In some embodiments, a polynucleic acid molecule comprises one or more artificial nucleotide analogues described herein. In some instances, the polynucleic acid molecule comprises 1, 2, 3, 4, 5, 6, 7, 8, 9, 10, 11, 12, 13, 14, 15, 16, 17, 18, 20, 25, or more of the artificial nucleotide analogues described herein. In some embodiments, the artificial nucleotide analogues include 2′-O-methyl, 2′-O-methoxyethyl (2′-O-MOE), 2′-O-aminopropyl, 2′-deoxy, T-deoxy-2′-fluoro, 2′-O-aminopropyl (2′-O-AP), 2′-O-dimethylaminoethyl (2′-O-DMAOE), 2′-O-dimethylaminopropyl (2′-O-DMAP), T-O-dimethylaminoethyloxyethyl (2′-O-DMAEOE), or 2′-O—N-methylacetamido (2′-O-NMA) modified, LNA, ENA, PNA, HNA, morpholino, methylphosphonate nucleotides, thiolphosphonate nucleotides, 2′-fluoro N3-P5′-phosphoramidites, or a combination thereof. In some instances, the polynucleic acid molecule comprises 1, 2, 3, 4, 5, 6, 7, 8, 9, 10, 11, 12, 13, 14, 15, 16, 17, 18, 20, 25, or more of the artificial nucleotide analogues selected from 2′-O-methyl, 2′-O-methoxyethyl (2′-O-MOE), 2′-O-aminopropyl, 2′-deoxy, T-deoxy-2′-fluoro, 2′-O-aminopropyl (2′-O-AP), 2′-O-dimethylaminoethyl (2′-O-DMAOE), 2′-O-dimethylaminopropyl (2′-O-DMAP), T-O-dimethylaminoethyloxyethyl (2′-O-DMAEOE), or 2′-O—N-methylacetamido (2′-O-NMA) modified, LNA, ENA, PNA, HNA, morpholino, methylphosphonate nucleotides, thiolphosphonate nucleotides, 2′-fluoro N3-P5′-phosphoramidites, or a combination thereof. In some instances, the polynucleic acid molecule comprises 1, 2, 3, 4, 5, 6, 7, 8, 9, 10, 11, 12, 13, 14, 15, 16, 17, 18, 20, 25, or more of 2′-O-methyl modified nucleotides. In some instances, the polynucleic acid molecule comprises 1, 2, 3, 4, 5, 6, 7, 8, 9, 10, 11, 12, 13, 14, 15, 16, 17, 18, 20, 25, or more of 2′-O-methoxyethyl (2′-O-MOE) modified nucleotides. In some instances, the polynucleic acid molecule comprises 1, 2, 3, 4, 5, 6, 7, 8, 9, 10, 11, 12, 13, 14, 15, 16, 17, 18, 20, 25, or more of thiolphosphonate nucleotides.

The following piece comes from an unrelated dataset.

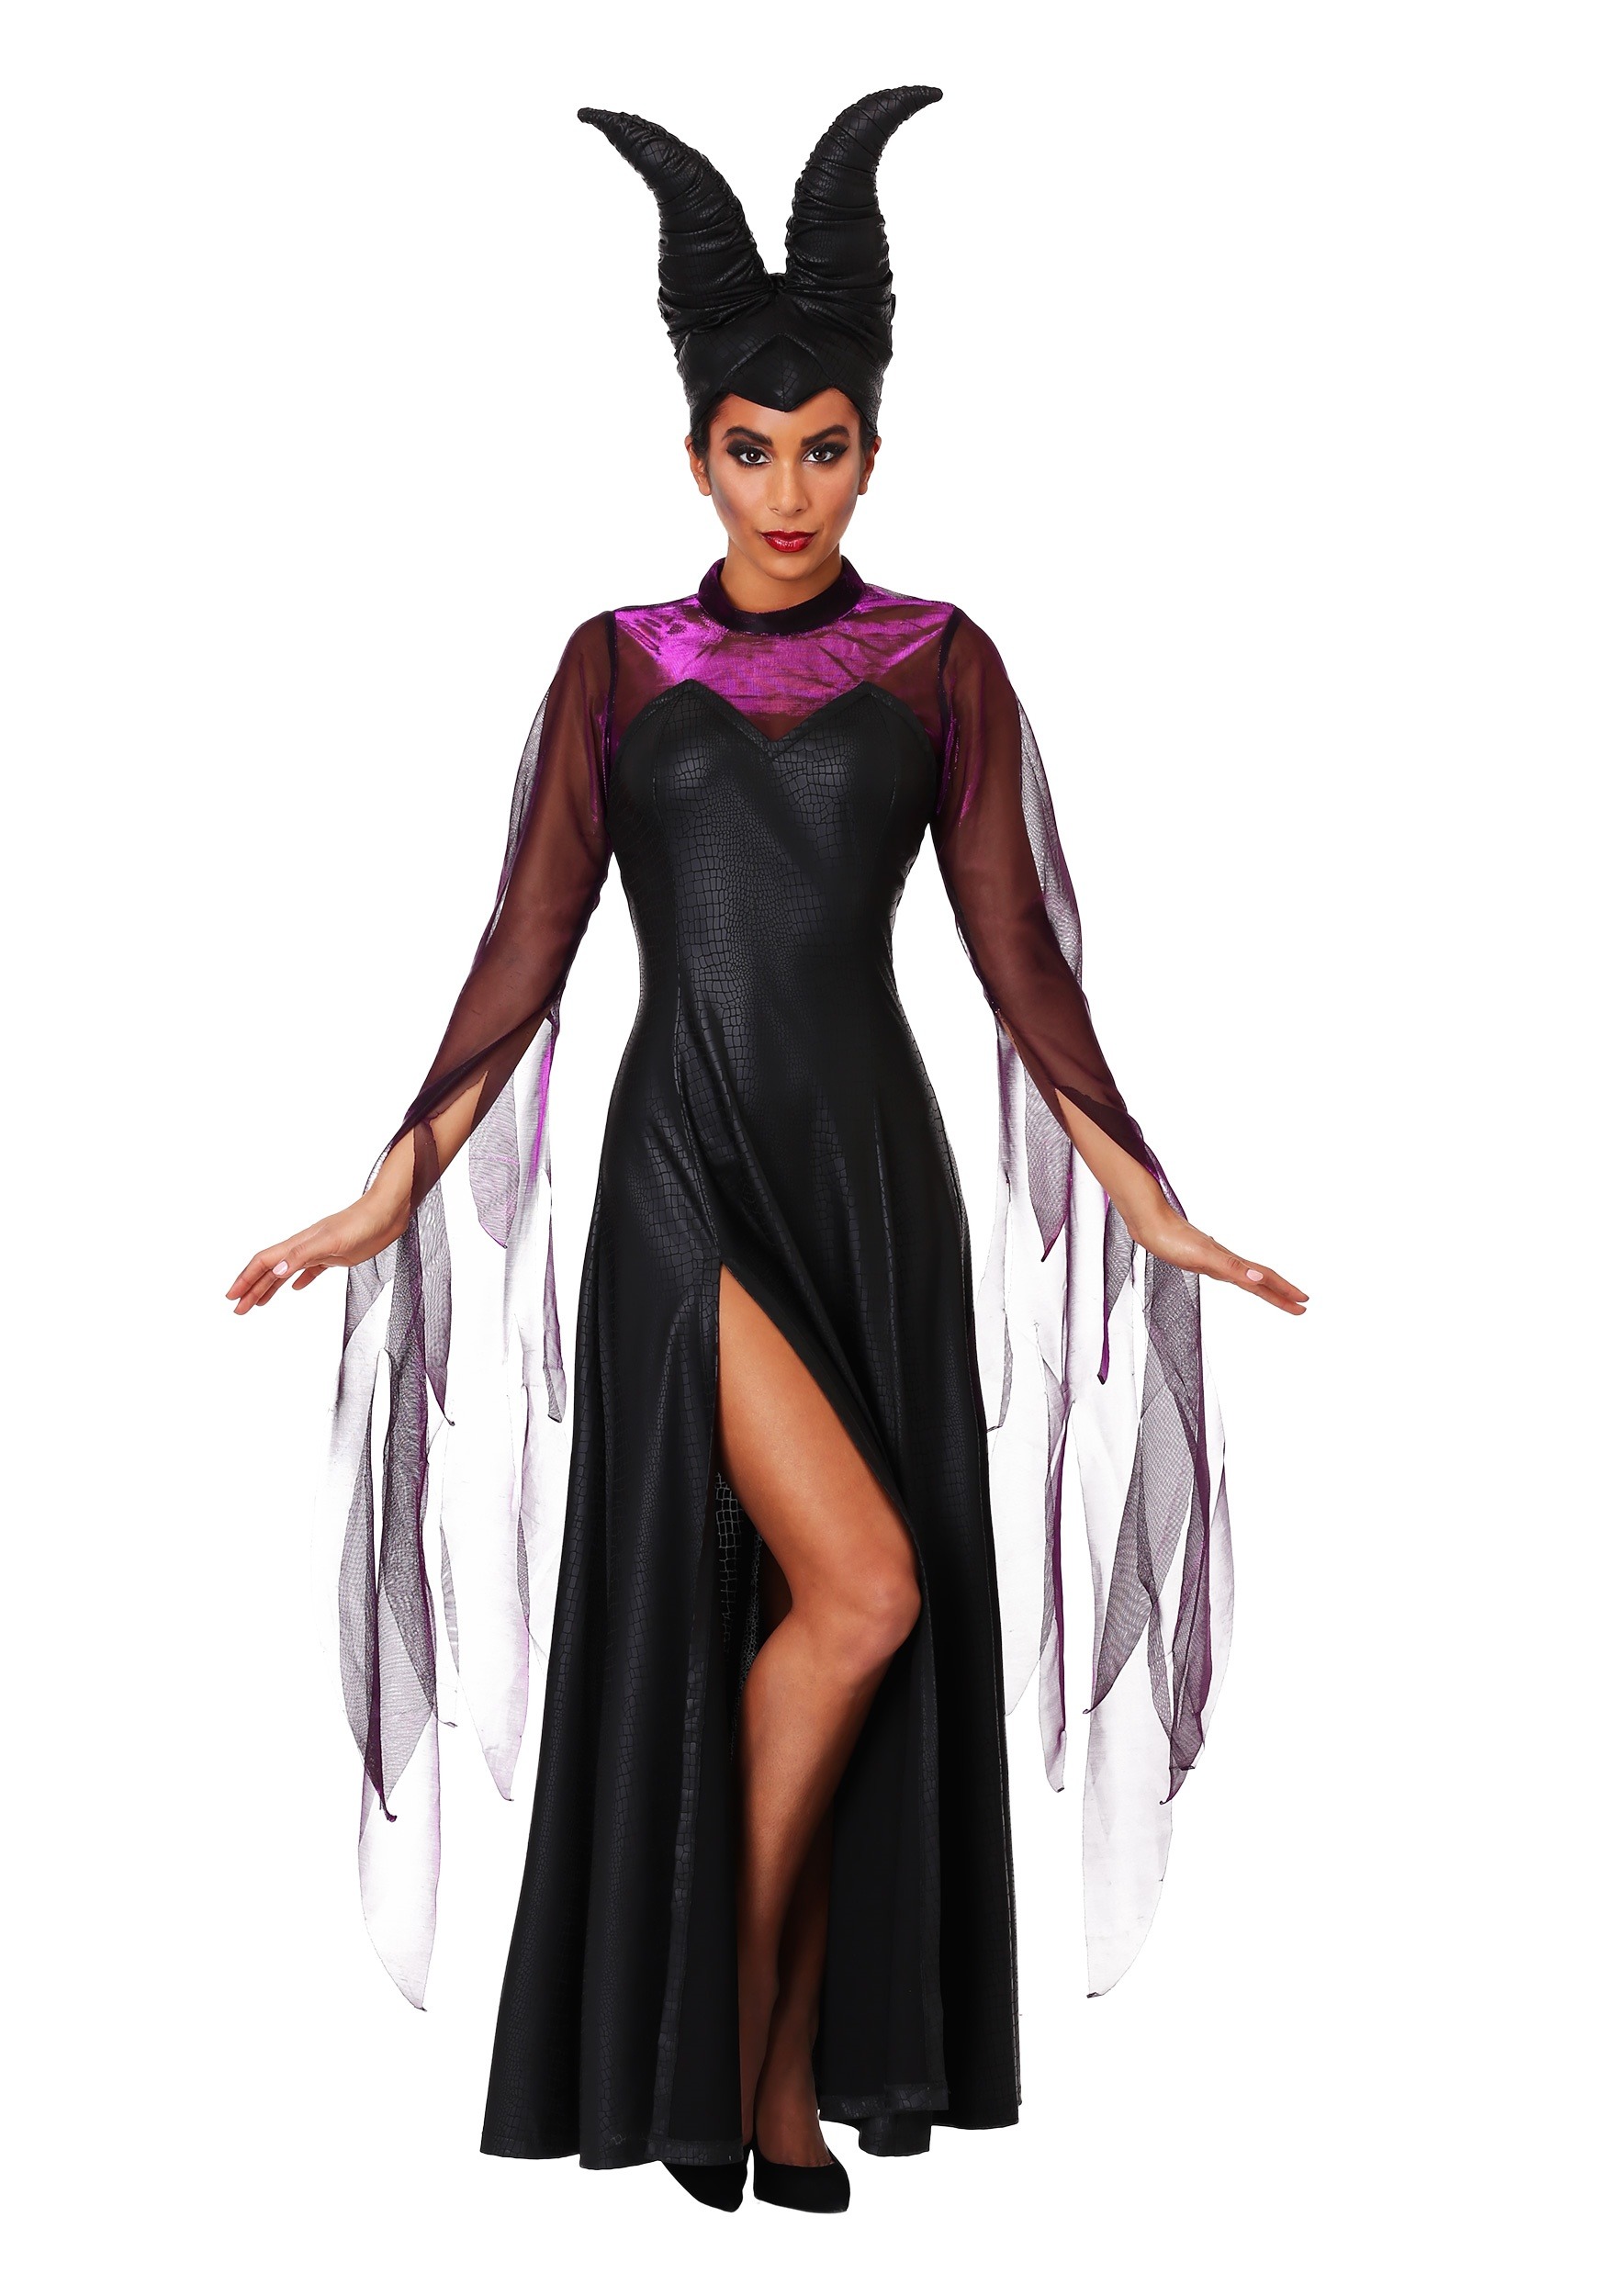 Photos - Fancy Dress FUN Costumes Malicious Queen Women's Costume Black/Purple FUN2627AD

In some instances, a polynucleic acid molecule comprises at least one of: from about 5% to about 100% modification, from about 10% to about 100% modification, from about 20% to about 100% modification, from about 30% to about 100% modification, from about 40% to about 100% modification, from about 50% to about 100% modification, from about 60% to about 100% modification, from about 70% to about 100% modification, from about 80% to about 100% modification, and from about 90% to about 100% modification. In some instances, the polynucleic acid molecule is a polynucleic acid molecule of SEQ ID NOs: 51-150.

In some cases, a polynucleic acid molecule comprises at least one of: from about 10% to about 90% modification, from about 20% to about 90% modification, from about 30% to about 90% modification, from about 40% to about 90% modification, from about 50% to about 90% modification, from about 60% to about 90% modification, from about 70% to about 90% modification, and from about 80% to about 100% modification. In some instances, the polynucleic acid molecule is a polynucleic acid molecule of SEQ ID NOs: 51-150.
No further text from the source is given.